The research on health risks associated with low levels of radiation exposures has several challenges. The first is that epidemiological investigations on low-level exposures require a large population and long-time follow-up visits.^[2–5] The traditional low-dose studies are based on the estimations from high-dose cohorts of bomb survivors or nuclear accident survivors.^[10–12] The extrapolation from cancer risks of high doses to low doses requires two assumptions.^[9] One is the linear-no-threshold risk model. Another is that the risk units are individual targeted cells without effects from multi-cellular tissue levels.
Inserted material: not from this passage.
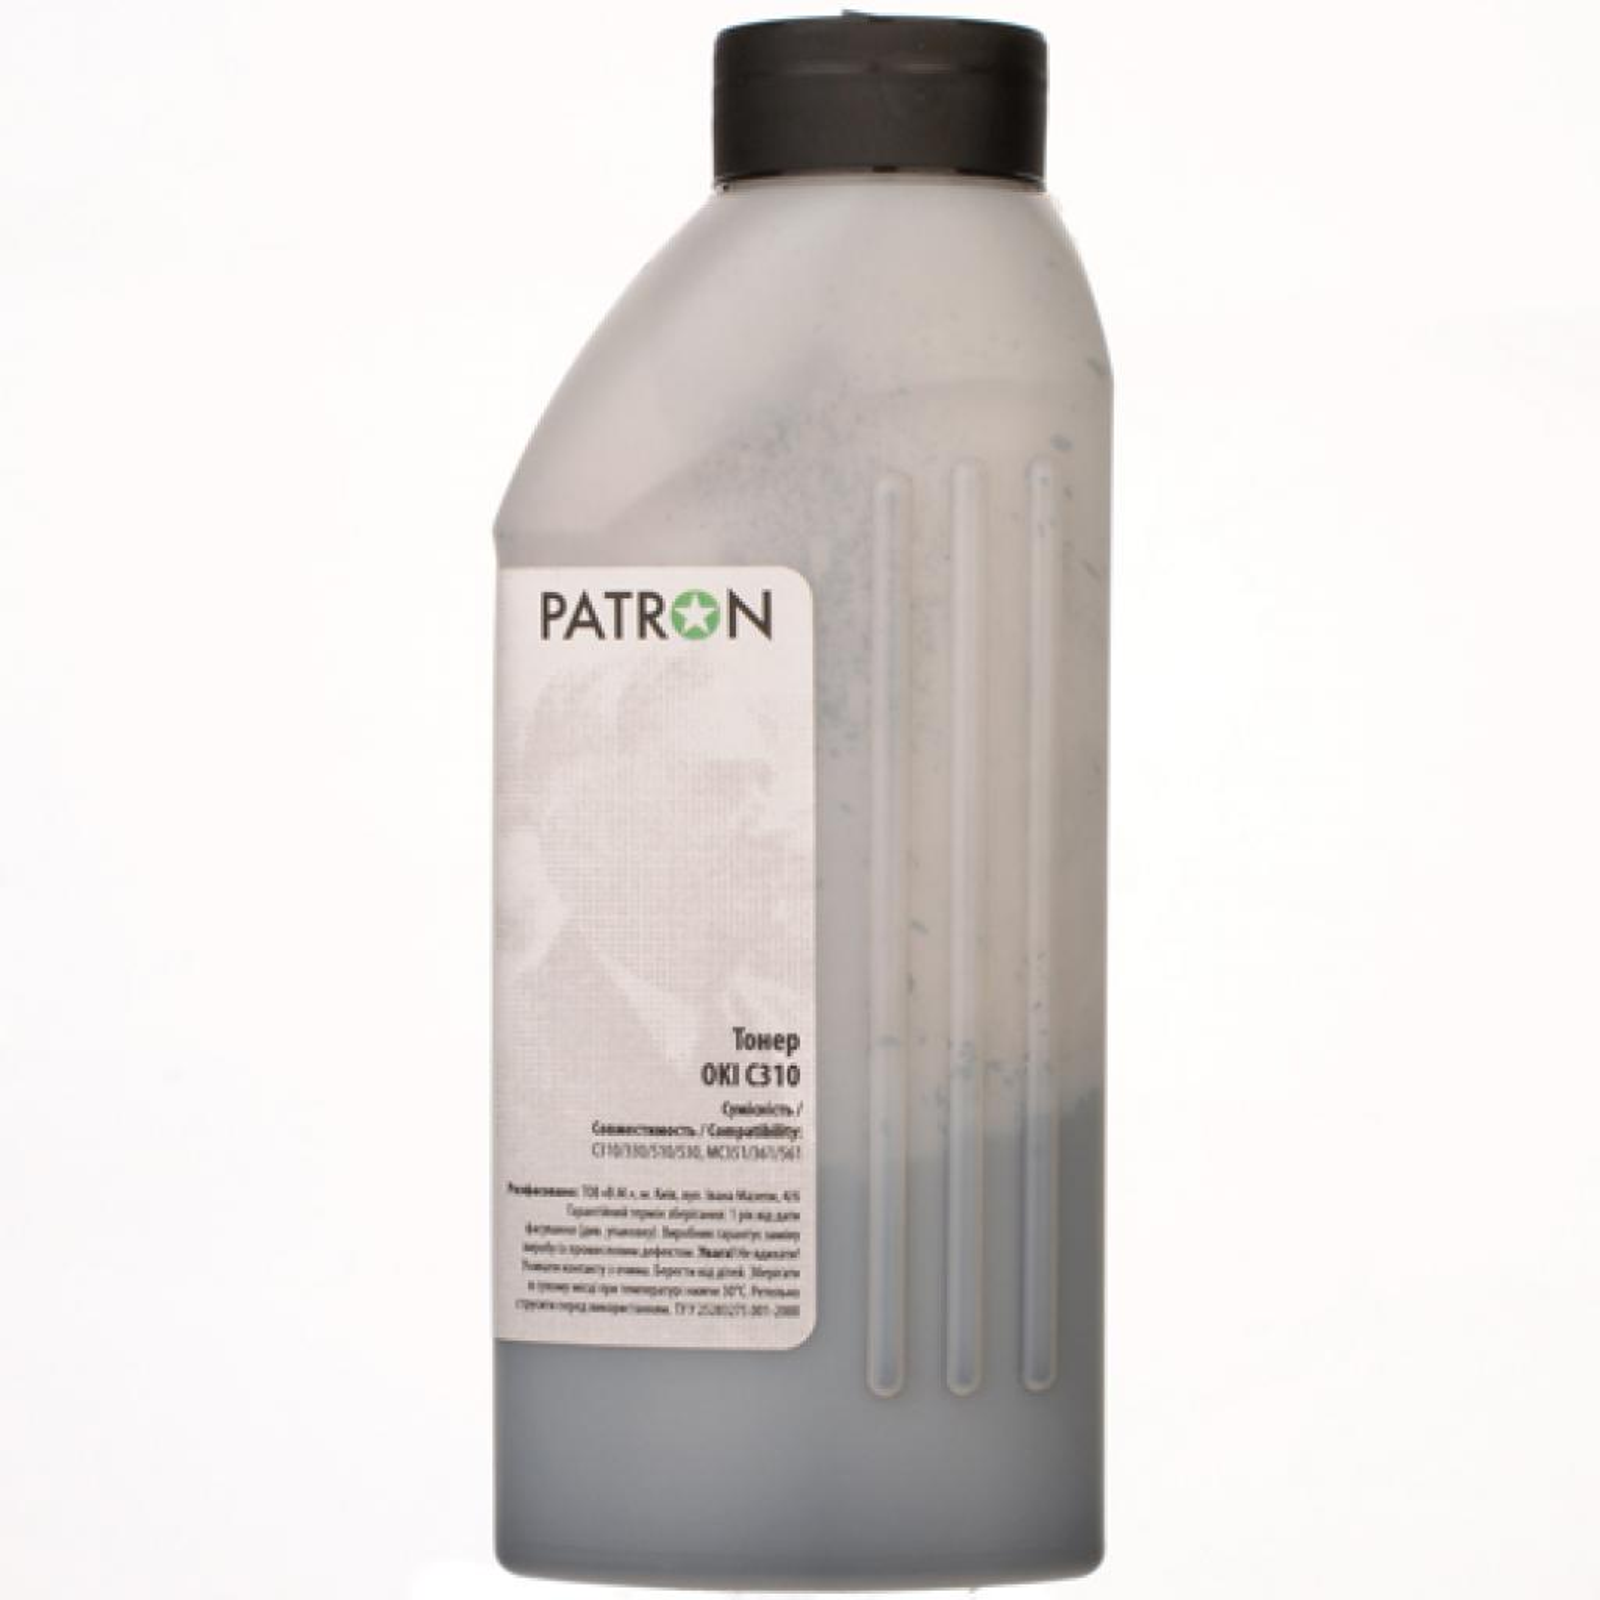 Тонер PATRON OKI C310 BLACK 80г (T-PN-OC310-B-080) изображение 2

The second challenge is that the stochastic characterization of radiation interaction becomes substantial at low-dose levels, and the uncertainties are nontrivial for radiation effects on individual cells.^[13,14] When the radiation ray interacts with a medium, it deposits energy in the path with discrete events. The spatial and magnitude distributions of energy deposition are non-uniform, and the track structures of energy deposition influence biological effects of irradiation. The third challenge is the tissue cell responses to radiation exposures, where non-targeted cells may be affected by targeted neighbors (bystander effects),^[15] and the dose-effect may differ by time and by space.^[9] Therefore, the investigations on dose-effects of low-level irradiation require contributions from different fields including biology, chemistry, physics, mathematics and computer science.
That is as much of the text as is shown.